Мы шли по длинной, каменной лестнице, он шагал впереди меня, перепрыгивая через ступени, и то ли с опаской, то ли с привычной настороженностью озирался на двери соседей. И вдруг, потрясши в сторону одной из них пальцем, воскликнул: «Анонимки, Виктор, пишут! Анонимки! Все как, в России!»
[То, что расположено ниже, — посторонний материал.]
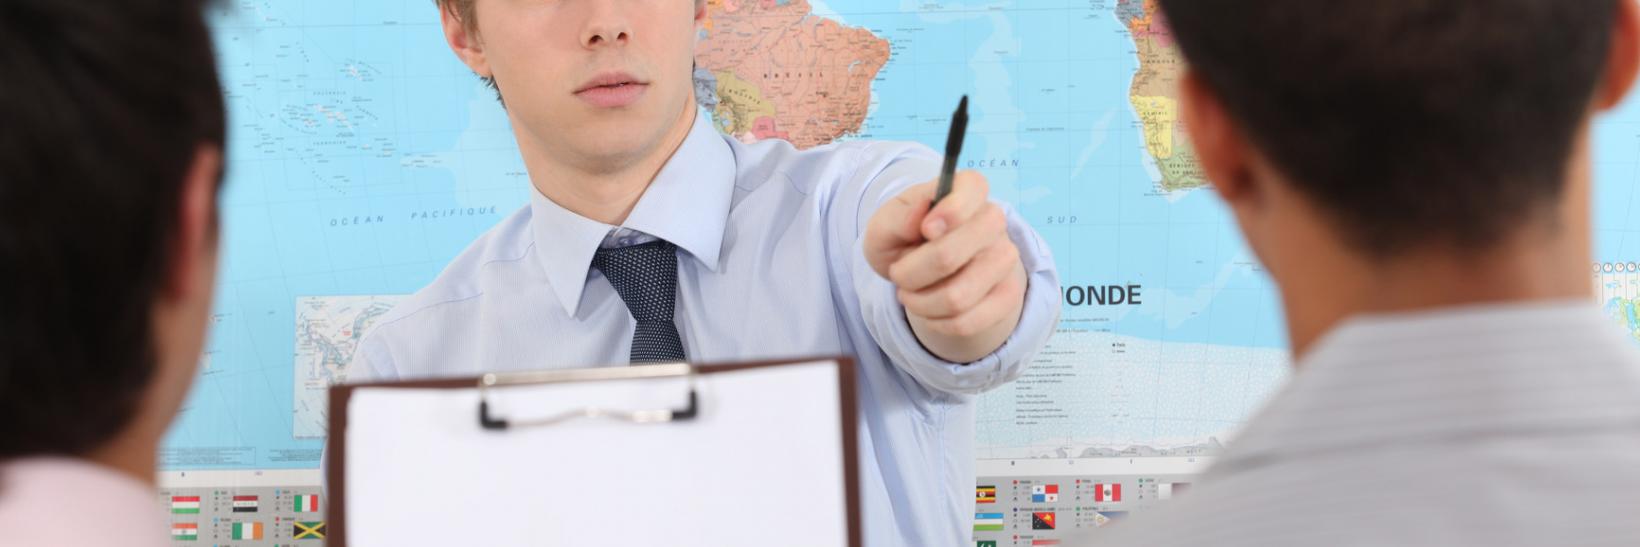 Man stands in front of map in classroom. 
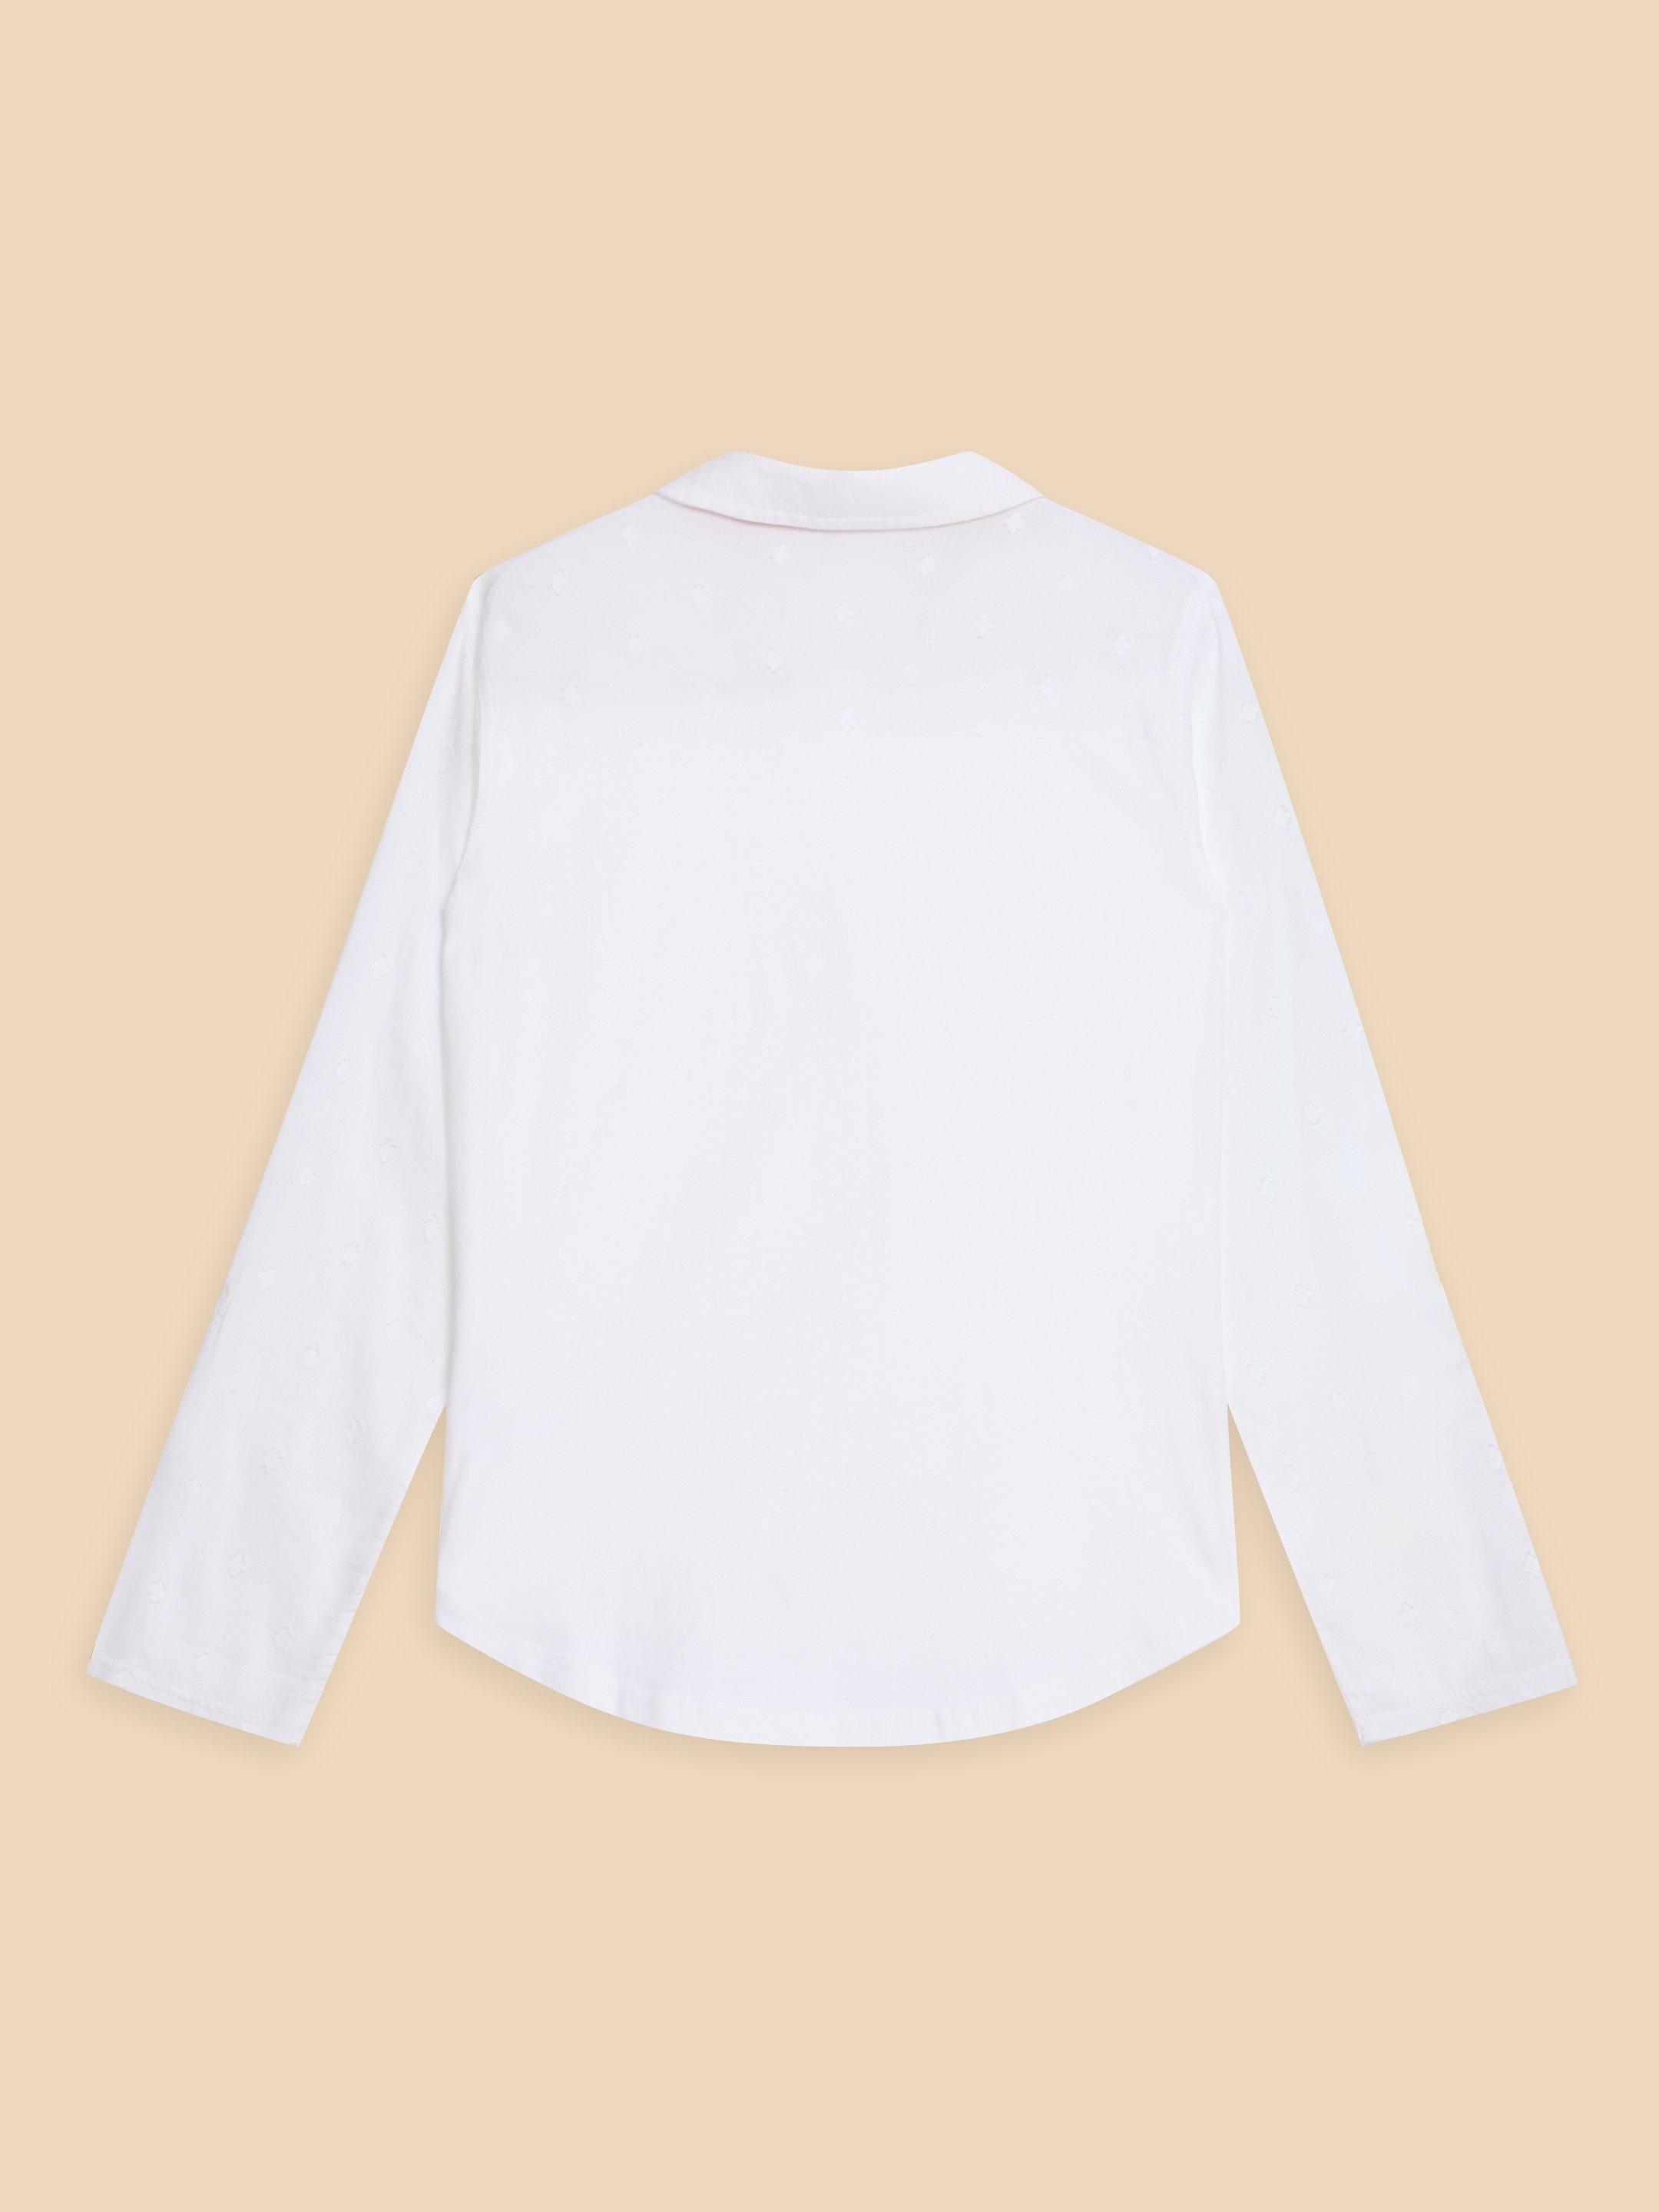 ANNIE MIX JERSEY SHIRT in PALE IVORY - FLAT BACK

Вскоре по эмиграции пошли слухи, что издательство Ульштейна собирается заменить Максимова Синявским, в связи с чем Владимир Емельянович послал Акселю Шпрингеру личную телеграмму, в которой потребовал «немедленно разогнать красную сволочь», засевшую в издательстве Ульштейна. Вот так это было, и, может, время привести мне выдержку из интервью профессора Джона Глэда с Марией Васильевной Розановой. «Только в эмиграции, – говорила она, – я по-настоящему поняла, что моя страна – это наше общее произведение, а не откуда-то пришедшие и навалившиеся на страну, оккупировавшие ее силы марксизма, социализма, ленинизма, коммунизма. Нет, это общество, которое построили мы сами. Выехав на Запад, мы – третья эмиграция – построили абсолютно тот же мир, из которого когда-то уехали и с которым когда-то так боролись. Единственно, что мы не можем создать, собственную Лубянку, но это только потому, что мы живем в странах, правительства которых нам этого не позволят».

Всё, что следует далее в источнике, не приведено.